Na parte de baixo do Sobrado, ficavam os cinco salões que compunham a Farmácia. No primeiro salão, com portas para as duas ruas e mais uma que se ligava ao corredor de entrada da Casa, ficava a Farmácia, a área comercial, com um balcão de madeira e vidros que separavam os clientes do dono. Na parte interna, enormes armários de madeira e portas de vidro, cheios de remédios. No centro, um móvel grande, que abrigava a caixa registradora e outras tantas coisas. Um cofre de puro aço, que servia para guardar os pertences valiosos do Sobrado, juntava-se aos móveis da Farmácia. Nos outros salões dos fundos, ficava o laboratório, onde o Dr. Ozimo fazia as receitas e fabricava a saúde do povo vianense, além do armazenamento de medicamentos que chegavam de São Luís.
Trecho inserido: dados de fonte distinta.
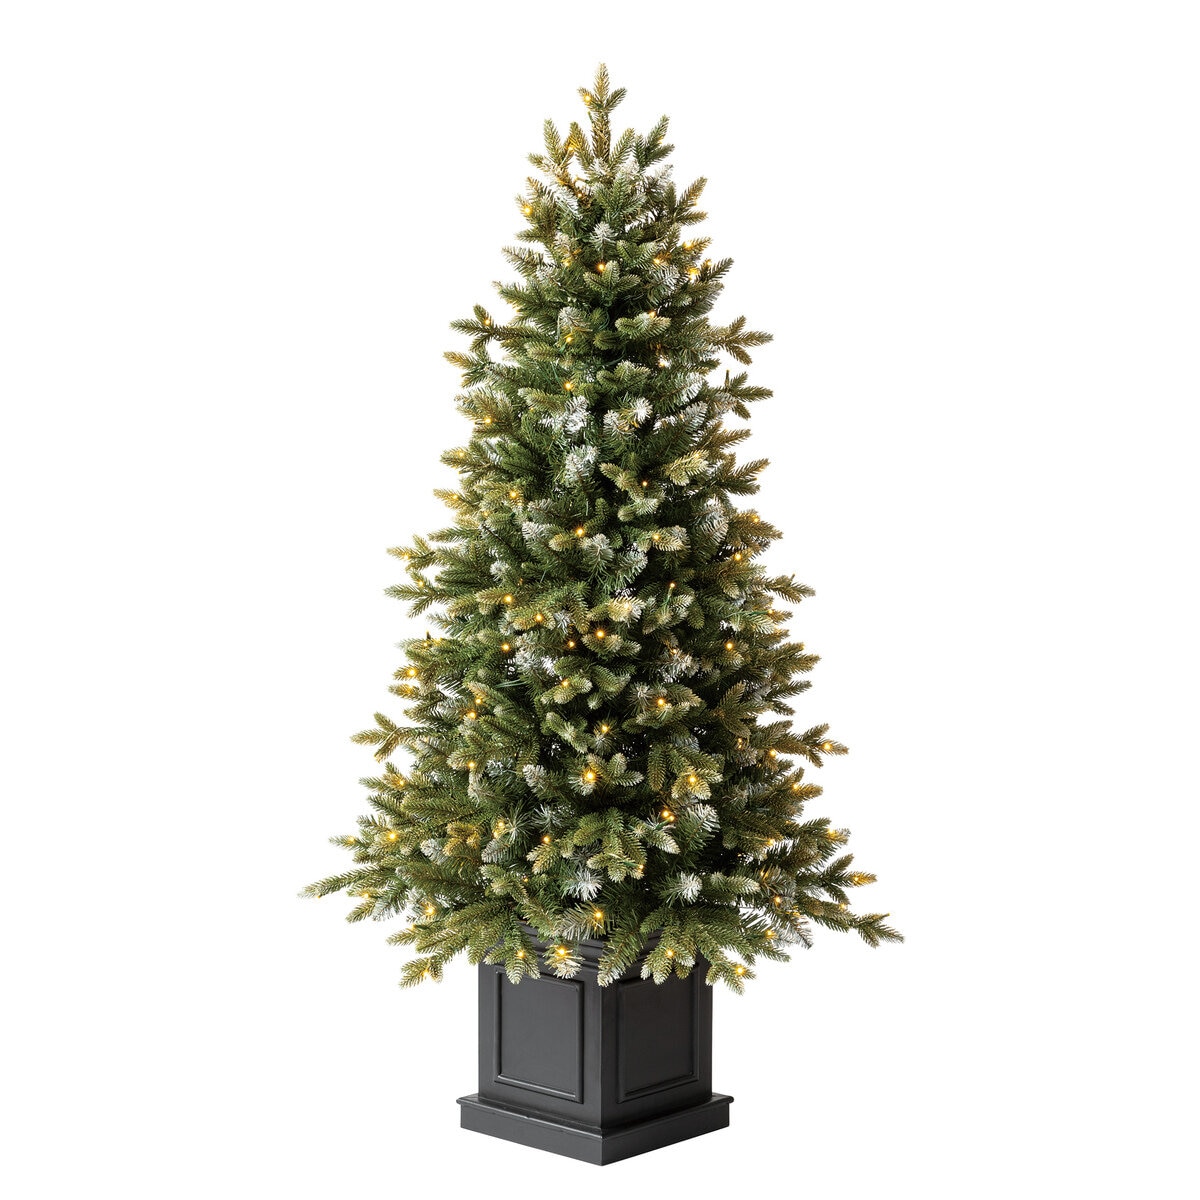 【新品】コストコ クリスマスツリー 電飾付き 約137cm LED 200球

Tio Ozimo, enquanto pôde, fez a sua caminhada pelos campos de Viana, ao mesmo tempo em que aproveitava para estudar a fauna e flora da cidade. Ao retornar de seu passeio matinal, recolhia a sacola de pão, presa no corrimão da escada, que, a essa altura, o padeiro já havia deixado, com pães quentinhos do dia.

Tio Zezico, irmão da minha mãe, trabalhou desde os catorze anos na Farmácia e contava que a Farmácia ficava aberta de domingo a domingo, sempre fechando às vinte horas e somente no dia primeiro do ano não abria. Em sua porta, ao cair da tarde e início da noite, juntavam-se os homens para uma breve conversa. Era nesse canto que se fazia a maior batalha de queima de boi da história de Viana, muito apreciada pela família de meu pai, o senhor Joaquim Gomes. O renomado médico Dr. Aquiles Lisboa assistiu a uma dessas batalhas do alto do Sobrado e não resistiu. Vendo a casa toda forrada com cortinas e toalhas para evitar a entrada de fumaça, enquanto lá embaixo, os homens jogavam fogo no lombo do boi, ao toque dos tambores e da gritaria dos brincantes e acompanhantes, disse ao Seu Ozimo, “que aquilo não era coisa de gente, era coisa de loucos, de animais”.

É por tudo isso que penso que os sobrados são espaços de histórias. Espaços de um tempo. Um espaço antropológico, como afirma Merleau-Ponty, um lugar existencial. Se não está de pé, se esvai com o tempo e vira pó. Reerguido, reconstruído, será a volta de um tempo. Como o tempo que foi costurado pelo casal Florita e Ozimo Carvalho e que não é só mais dele.